__Task brief__. Only those lines in the data below from the line containing "日本购物网站，樱花1688上都有些什么好物呢？ - 知乎" through the line containing "PhosGuard rimozione fosfato e silicato", both included, should be restated word for word.

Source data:
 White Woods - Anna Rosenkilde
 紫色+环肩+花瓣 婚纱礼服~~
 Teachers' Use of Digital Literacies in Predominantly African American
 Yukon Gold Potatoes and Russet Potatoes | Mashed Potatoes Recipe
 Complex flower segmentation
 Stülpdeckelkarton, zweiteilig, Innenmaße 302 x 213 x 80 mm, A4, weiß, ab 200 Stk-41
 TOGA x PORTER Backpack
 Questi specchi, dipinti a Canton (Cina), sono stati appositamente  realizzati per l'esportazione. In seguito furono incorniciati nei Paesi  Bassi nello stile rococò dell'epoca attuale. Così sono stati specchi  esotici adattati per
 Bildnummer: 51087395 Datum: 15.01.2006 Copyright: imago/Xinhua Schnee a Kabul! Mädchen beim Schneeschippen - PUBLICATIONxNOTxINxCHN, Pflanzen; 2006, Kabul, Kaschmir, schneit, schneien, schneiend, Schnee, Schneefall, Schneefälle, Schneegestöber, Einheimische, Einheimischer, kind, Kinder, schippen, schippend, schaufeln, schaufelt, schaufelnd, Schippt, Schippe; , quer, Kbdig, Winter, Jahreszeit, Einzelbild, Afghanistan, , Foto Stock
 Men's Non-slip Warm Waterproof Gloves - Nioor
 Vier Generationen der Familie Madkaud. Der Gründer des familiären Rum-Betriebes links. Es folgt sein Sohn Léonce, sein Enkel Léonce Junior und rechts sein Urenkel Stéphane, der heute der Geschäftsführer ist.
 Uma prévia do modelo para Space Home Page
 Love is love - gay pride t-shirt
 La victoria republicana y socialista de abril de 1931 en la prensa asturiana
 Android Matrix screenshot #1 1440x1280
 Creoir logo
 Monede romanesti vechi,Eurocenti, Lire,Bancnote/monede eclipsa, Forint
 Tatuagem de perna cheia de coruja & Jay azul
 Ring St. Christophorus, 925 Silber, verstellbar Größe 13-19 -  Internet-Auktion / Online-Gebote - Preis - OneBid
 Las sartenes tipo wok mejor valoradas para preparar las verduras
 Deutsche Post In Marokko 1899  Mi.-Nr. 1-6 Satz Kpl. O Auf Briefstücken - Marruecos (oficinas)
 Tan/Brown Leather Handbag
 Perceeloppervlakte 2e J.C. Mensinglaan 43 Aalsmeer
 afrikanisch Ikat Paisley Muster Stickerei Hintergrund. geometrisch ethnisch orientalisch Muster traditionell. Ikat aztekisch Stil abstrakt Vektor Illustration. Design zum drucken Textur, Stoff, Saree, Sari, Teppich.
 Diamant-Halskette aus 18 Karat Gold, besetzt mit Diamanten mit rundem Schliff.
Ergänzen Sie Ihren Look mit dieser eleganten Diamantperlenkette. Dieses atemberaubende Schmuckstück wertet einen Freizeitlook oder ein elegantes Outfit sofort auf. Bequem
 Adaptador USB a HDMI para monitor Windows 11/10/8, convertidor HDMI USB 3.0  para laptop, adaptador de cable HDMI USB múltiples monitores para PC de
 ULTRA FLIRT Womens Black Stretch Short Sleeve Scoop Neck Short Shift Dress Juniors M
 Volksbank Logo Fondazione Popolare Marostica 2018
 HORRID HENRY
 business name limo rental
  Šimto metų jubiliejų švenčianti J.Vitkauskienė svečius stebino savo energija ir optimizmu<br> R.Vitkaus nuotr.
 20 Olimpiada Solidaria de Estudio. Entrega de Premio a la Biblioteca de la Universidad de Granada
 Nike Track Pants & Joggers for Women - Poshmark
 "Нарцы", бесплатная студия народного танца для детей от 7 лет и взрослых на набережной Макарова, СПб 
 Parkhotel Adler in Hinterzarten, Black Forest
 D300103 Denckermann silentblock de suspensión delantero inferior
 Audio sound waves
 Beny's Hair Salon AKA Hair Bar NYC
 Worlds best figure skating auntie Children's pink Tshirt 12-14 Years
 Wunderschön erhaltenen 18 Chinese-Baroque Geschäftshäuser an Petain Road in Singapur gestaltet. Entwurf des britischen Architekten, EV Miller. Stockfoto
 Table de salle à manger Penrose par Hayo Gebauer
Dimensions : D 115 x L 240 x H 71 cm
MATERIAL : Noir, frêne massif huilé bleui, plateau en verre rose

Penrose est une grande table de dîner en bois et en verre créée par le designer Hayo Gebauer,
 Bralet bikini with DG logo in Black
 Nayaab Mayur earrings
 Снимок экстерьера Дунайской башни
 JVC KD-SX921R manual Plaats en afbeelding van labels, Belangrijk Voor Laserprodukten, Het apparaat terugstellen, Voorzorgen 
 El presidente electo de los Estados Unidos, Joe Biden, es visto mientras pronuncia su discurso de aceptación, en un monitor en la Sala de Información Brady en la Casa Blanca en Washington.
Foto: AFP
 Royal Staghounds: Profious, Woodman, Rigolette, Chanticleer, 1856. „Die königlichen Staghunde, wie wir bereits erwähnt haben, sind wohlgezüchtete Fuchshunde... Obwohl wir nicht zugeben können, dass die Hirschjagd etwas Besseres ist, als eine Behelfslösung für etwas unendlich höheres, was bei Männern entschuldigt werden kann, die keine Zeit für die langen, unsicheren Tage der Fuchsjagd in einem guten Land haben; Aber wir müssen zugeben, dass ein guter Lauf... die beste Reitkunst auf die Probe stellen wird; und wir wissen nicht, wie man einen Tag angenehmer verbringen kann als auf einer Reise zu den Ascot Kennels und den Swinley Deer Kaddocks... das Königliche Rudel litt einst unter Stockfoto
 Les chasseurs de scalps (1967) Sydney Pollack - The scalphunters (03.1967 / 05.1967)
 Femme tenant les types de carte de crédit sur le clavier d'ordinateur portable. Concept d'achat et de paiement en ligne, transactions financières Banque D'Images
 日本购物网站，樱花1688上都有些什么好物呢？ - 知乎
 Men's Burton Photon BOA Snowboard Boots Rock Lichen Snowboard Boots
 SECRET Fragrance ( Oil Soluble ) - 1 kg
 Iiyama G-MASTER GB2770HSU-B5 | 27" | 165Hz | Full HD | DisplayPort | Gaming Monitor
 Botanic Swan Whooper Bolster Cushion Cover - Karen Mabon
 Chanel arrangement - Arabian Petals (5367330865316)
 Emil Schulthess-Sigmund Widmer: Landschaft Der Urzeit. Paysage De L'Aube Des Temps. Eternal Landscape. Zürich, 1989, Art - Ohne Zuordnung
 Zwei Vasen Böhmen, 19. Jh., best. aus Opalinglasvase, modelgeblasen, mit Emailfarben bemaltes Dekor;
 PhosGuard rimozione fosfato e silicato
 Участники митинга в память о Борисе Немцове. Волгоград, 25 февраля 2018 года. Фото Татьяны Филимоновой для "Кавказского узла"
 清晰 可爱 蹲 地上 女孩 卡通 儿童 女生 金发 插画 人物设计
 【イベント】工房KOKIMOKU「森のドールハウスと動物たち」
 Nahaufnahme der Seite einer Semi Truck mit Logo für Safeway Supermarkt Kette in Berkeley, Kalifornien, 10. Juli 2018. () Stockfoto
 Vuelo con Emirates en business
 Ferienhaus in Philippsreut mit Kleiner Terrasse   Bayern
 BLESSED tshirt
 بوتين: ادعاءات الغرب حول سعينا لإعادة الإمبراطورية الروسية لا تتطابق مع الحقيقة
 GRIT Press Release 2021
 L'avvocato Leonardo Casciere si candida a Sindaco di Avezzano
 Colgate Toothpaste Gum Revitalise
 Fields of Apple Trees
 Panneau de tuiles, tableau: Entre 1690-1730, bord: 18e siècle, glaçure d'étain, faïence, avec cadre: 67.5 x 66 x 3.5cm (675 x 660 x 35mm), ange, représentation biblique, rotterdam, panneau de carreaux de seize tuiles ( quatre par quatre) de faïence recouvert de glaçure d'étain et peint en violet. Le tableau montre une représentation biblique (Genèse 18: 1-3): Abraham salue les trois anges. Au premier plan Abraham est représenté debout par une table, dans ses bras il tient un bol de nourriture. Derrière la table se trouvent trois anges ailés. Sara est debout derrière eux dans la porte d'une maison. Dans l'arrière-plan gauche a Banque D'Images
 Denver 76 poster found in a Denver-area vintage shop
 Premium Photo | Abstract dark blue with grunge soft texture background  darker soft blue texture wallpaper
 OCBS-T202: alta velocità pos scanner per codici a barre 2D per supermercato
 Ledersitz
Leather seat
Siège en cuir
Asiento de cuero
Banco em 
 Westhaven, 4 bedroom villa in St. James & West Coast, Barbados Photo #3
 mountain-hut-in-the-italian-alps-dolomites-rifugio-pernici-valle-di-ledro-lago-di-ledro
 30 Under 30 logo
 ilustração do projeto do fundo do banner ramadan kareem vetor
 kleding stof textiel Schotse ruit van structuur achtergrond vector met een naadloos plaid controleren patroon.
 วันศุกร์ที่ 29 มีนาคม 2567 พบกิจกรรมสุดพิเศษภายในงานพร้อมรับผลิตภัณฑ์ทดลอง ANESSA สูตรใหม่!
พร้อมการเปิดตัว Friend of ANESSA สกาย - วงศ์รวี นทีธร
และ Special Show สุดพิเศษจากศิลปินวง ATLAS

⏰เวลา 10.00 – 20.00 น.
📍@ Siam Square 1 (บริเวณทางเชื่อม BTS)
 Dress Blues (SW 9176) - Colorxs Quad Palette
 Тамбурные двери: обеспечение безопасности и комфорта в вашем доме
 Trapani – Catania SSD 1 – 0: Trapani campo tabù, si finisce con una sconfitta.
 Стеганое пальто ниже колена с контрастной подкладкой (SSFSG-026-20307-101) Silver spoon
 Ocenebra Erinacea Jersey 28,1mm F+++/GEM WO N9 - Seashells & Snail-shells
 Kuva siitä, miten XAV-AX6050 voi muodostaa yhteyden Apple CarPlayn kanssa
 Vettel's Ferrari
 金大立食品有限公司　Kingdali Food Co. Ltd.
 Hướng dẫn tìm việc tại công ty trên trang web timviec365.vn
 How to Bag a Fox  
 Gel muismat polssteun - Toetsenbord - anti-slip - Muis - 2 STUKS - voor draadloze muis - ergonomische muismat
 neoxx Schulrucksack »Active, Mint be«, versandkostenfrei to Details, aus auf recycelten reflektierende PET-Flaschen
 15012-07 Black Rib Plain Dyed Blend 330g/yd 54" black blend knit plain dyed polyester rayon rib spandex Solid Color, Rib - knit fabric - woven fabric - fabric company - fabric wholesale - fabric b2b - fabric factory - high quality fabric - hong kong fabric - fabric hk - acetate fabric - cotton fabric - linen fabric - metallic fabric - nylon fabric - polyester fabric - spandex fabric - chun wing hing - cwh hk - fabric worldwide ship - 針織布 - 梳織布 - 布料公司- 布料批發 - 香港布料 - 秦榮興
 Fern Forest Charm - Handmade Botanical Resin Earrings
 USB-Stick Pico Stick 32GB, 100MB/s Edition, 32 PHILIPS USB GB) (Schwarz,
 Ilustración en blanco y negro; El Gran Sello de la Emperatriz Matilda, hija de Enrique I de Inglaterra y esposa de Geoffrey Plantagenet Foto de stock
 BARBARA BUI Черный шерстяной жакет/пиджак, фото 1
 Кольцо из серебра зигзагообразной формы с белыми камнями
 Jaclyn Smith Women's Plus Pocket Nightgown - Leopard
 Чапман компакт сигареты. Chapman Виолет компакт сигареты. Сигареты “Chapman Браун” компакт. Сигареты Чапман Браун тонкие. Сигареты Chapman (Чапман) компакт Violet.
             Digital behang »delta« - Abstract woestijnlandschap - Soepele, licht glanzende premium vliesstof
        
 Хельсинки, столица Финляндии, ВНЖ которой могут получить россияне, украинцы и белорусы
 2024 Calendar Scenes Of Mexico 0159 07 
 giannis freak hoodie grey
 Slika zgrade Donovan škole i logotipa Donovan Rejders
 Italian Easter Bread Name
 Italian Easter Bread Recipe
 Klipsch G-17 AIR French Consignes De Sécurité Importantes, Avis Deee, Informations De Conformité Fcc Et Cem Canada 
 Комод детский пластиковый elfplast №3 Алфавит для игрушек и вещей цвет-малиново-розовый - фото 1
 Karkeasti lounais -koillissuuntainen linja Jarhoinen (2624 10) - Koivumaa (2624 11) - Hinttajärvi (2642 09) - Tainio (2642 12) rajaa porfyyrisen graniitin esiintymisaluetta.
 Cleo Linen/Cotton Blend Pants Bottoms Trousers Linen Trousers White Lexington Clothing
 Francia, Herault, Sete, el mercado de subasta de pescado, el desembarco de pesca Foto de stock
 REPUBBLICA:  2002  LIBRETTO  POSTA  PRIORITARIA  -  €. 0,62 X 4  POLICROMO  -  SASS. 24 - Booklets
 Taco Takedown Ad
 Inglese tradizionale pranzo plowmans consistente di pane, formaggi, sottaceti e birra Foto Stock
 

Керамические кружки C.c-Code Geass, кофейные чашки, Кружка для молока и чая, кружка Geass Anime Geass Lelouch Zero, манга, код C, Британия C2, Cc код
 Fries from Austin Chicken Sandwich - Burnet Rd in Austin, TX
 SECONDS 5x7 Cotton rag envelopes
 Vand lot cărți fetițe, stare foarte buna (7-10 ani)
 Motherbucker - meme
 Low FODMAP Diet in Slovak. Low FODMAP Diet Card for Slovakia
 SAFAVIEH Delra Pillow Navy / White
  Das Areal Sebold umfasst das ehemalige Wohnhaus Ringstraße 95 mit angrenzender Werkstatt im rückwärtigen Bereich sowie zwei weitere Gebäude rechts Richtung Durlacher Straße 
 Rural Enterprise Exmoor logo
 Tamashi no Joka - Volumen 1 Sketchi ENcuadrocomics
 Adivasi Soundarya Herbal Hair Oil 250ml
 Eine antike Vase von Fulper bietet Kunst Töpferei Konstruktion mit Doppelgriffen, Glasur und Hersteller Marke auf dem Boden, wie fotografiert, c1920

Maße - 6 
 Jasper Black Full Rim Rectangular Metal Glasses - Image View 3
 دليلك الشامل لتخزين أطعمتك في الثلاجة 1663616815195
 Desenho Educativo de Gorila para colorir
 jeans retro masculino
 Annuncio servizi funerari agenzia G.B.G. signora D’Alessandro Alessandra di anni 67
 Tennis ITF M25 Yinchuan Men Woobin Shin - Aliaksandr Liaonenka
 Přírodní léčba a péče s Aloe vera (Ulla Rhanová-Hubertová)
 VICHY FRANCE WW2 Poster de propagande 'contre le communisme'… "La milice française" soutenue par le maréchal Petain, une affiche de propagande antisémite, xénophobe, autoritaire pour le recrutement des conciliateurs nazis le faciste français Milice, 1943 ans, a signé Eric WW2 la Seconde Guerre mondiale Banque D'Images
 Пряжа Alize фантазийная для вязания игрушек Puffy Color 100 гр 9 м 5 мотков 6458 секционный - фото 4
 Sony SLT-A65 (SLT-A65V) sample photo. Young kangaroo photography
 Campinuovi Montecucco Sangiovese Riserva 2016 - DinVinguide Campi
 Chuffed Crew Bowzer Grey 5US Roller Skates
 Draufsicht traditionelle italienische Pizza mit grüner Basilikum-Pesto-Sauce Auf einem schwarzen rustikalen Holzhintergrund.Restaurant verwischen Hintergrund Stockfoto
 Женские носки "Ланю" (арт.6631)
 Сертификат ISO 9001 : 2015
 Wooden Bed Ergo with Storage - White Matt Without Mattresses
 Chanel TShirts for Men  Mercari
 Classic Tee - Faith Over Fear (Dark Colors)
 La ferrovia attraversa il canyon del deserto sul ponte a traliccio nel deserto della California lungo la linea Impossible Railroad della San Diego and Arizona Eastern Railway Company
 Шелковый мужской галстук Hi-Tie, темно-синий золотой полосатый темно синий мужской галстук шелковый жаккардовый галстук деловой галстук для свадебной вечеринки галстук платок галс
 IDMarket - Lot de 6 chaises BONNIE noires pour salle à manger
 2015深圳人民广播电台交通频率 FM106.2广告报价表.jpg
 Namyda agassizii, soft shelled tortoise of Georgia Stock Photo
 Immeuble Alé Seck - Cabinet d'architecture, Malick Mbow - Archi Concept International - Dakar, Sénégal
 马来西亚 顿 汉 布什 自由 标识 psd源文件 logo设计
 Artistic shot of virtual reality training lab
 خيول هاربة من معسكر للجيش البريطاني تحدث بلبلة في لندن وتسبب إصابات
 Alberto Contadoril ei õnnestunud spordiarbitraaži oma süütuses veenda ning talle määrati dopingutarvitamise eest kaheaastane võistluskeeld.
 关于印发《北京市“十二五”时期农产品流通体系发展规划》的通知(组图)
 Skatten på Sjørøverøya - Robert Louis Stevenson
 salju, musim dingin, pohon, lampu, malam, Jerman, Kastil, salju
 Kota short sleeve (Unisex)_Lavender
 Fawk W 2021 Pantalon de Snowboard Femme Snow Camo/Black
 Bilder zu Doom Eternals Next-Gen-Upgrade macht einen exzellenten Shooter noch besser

__Task solution__.
 日本购物网站，樱花1688上都有些什么好物呢？ - 知乎
 Men's Burton Photon BOA Snowboard Boots Rock Lichen Snowboard Boots
 SECRET Fragrance ( Oil Soluble ) - 1 kg
 Iiyama G-MASTER GB2770HSU-B5 | 27" | 165Hz | Full HD | DisplayPort | Gaming Monitor
 Botanic Swan Whooper Bolster Cushion Cover - Karen Mabon
 Chanel arrangement - Arabian Petals (5367330865316)
 Emil Schulthess-Sigmund Widmer: Landschaft Der Urzeit. Paysage De L'Aube Des Temps. Eternal Landscape. Zürich, 1989, Art - Ohne Zuordnung
 Zwei Vasen Böhmen, 19. Jh., best. aus Opalinglasvase, modelgeblasen, mit Emailfarben bemaltes Dekor;
 PhosGuard rimozione fosfato e silicato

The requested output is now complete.